Two or so weeks after sending in my forms I get a call. “Mr.Bicyclemark, we’re just going over your form and we wanted to confirm some things, it says here you’re self employed?” Indeed at that point I’d started my own company to make getting freelance jobs and handling the expenses and income a little easier. “Yes” I said, “I’m a freelance journalist, editor, and sometimes web consultant.” “OK very good. I’ll just need to know your yearly income..” She’d cut right to my achilles heel, as a freelancer and part time employee, my income was pretty embarrassing by most adult standards, I was and still am, a specialist of living on a shoestring budget. I fumbled through an answer “Well its hard to say as a freelancer, you know, some months its a good amount, some months it is hardly anything…” The credit card lady tries to help me along, “So about 20K per year?” I had this feeling that if I told her the truth, that is was surely less, that I wouldn’t qualify for their minimum, “Yes,” I answered confidently, “about that much.” What the hell, I figured, as long as I don’t have to prove it, I’ll be fine. “.. and we’ll just need some further information so we can confirm this..” – Shit I thought. Plan foiled. I quickly told a lie about having to go but that I would be in touch. She didn’t even fight me on this, wished me a good day and recommended I get back to her when I had a better idea of my income.

It would take me another 2 years to get a credit card, when I sent in another application hoping they wouldn’t remember the first.  I got that call again, only this time I tried harder to lie my way into getting one.  Once again I argued that as a freelancer my income didn’t always fit into one of their boxes, but that I manage a decent living and somehow deserve this credit card.  After alot of convincing, and a much stronger arguement than my first attempt, I got my card which to this day I hardly ever use.

Why the long story?

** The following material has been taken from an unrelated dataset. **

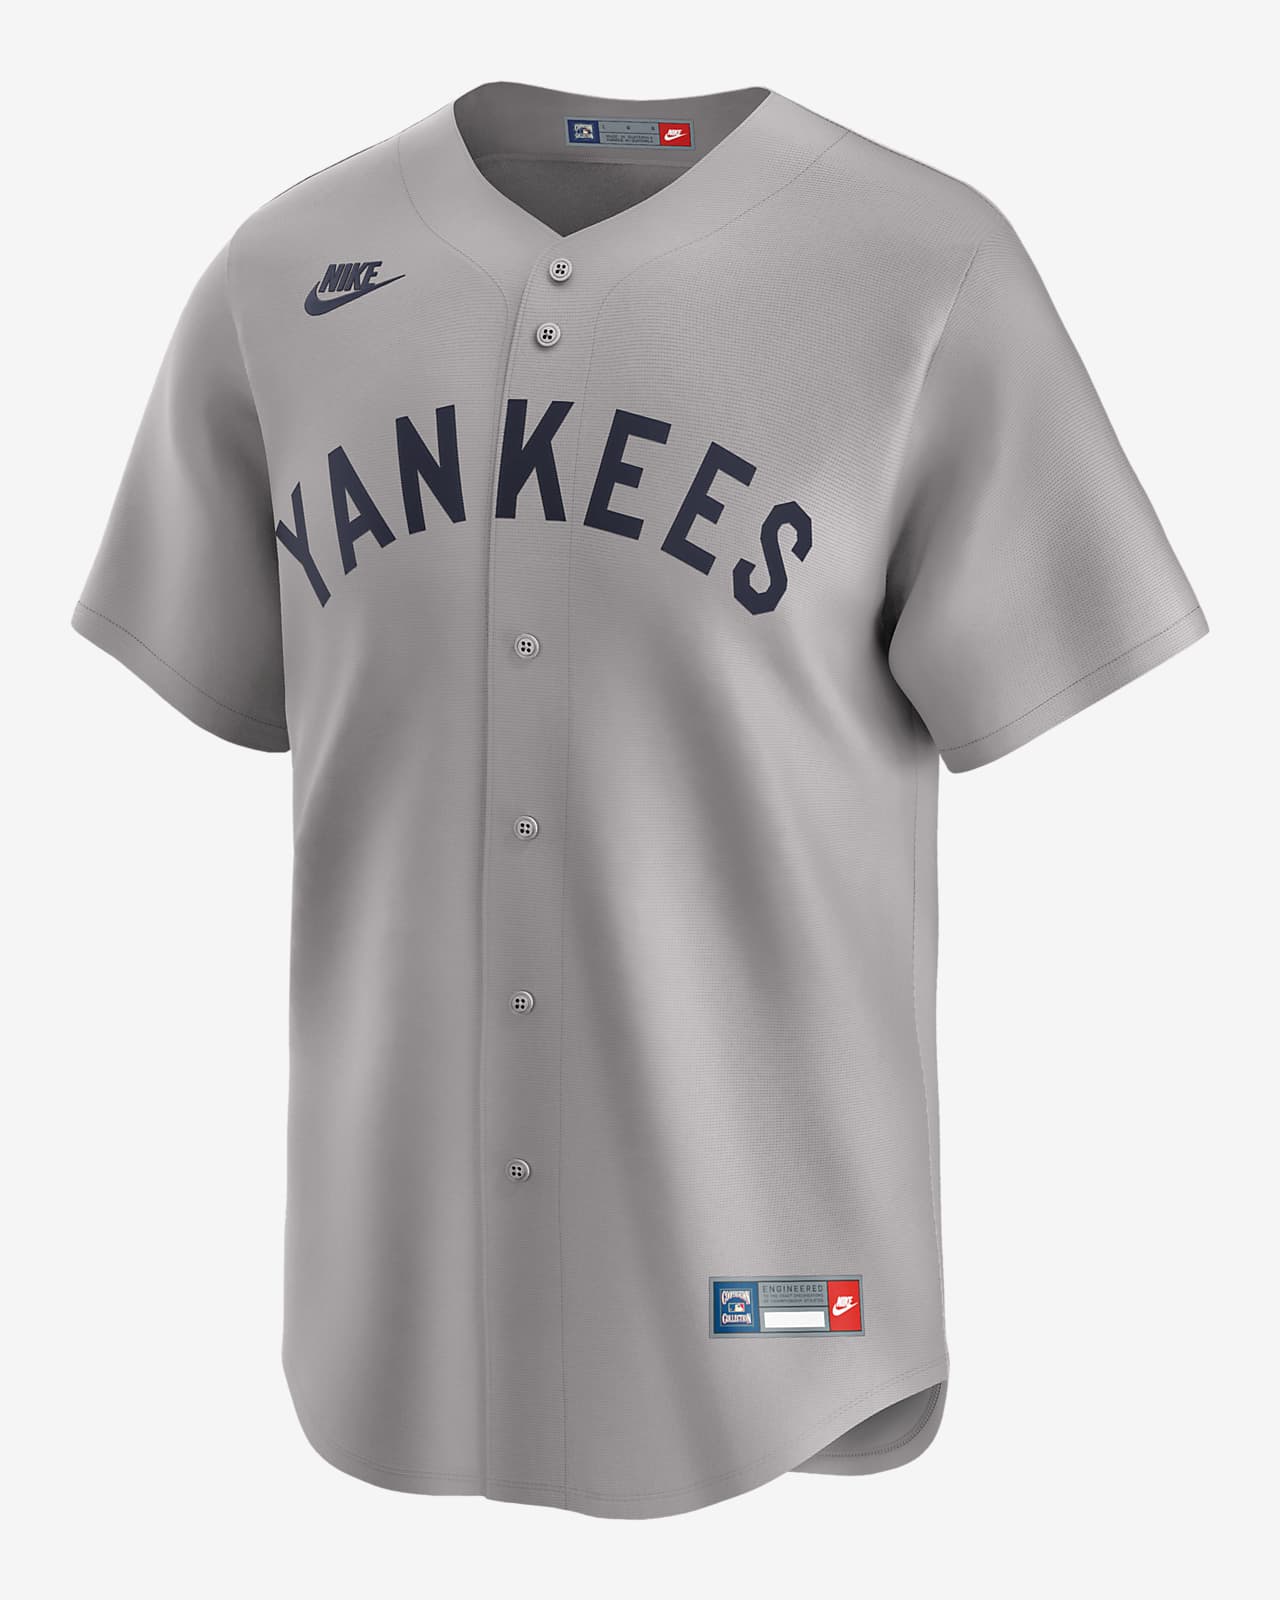 Jersey Nike Dri-FIT ADV de la MLB Limited para hombre Babe Ruth New York Yankees Cooperstown

It is amazing the difference between what it took for me to get a credit card in the US compared to getting one in Europe 10 years later. Beyond it being impressive, I wonder if this difference doesn’t reflect on part of why so many problems have arisen with people and credit card debt. Not to mention banks that take advantage of people by inventing surcharges.  Not that Europe is perfect, or that someone can’t eventually get a card who perhaps can’t really afford it, but in my experience, there is a real difference in how less easy it is to fall into this trap.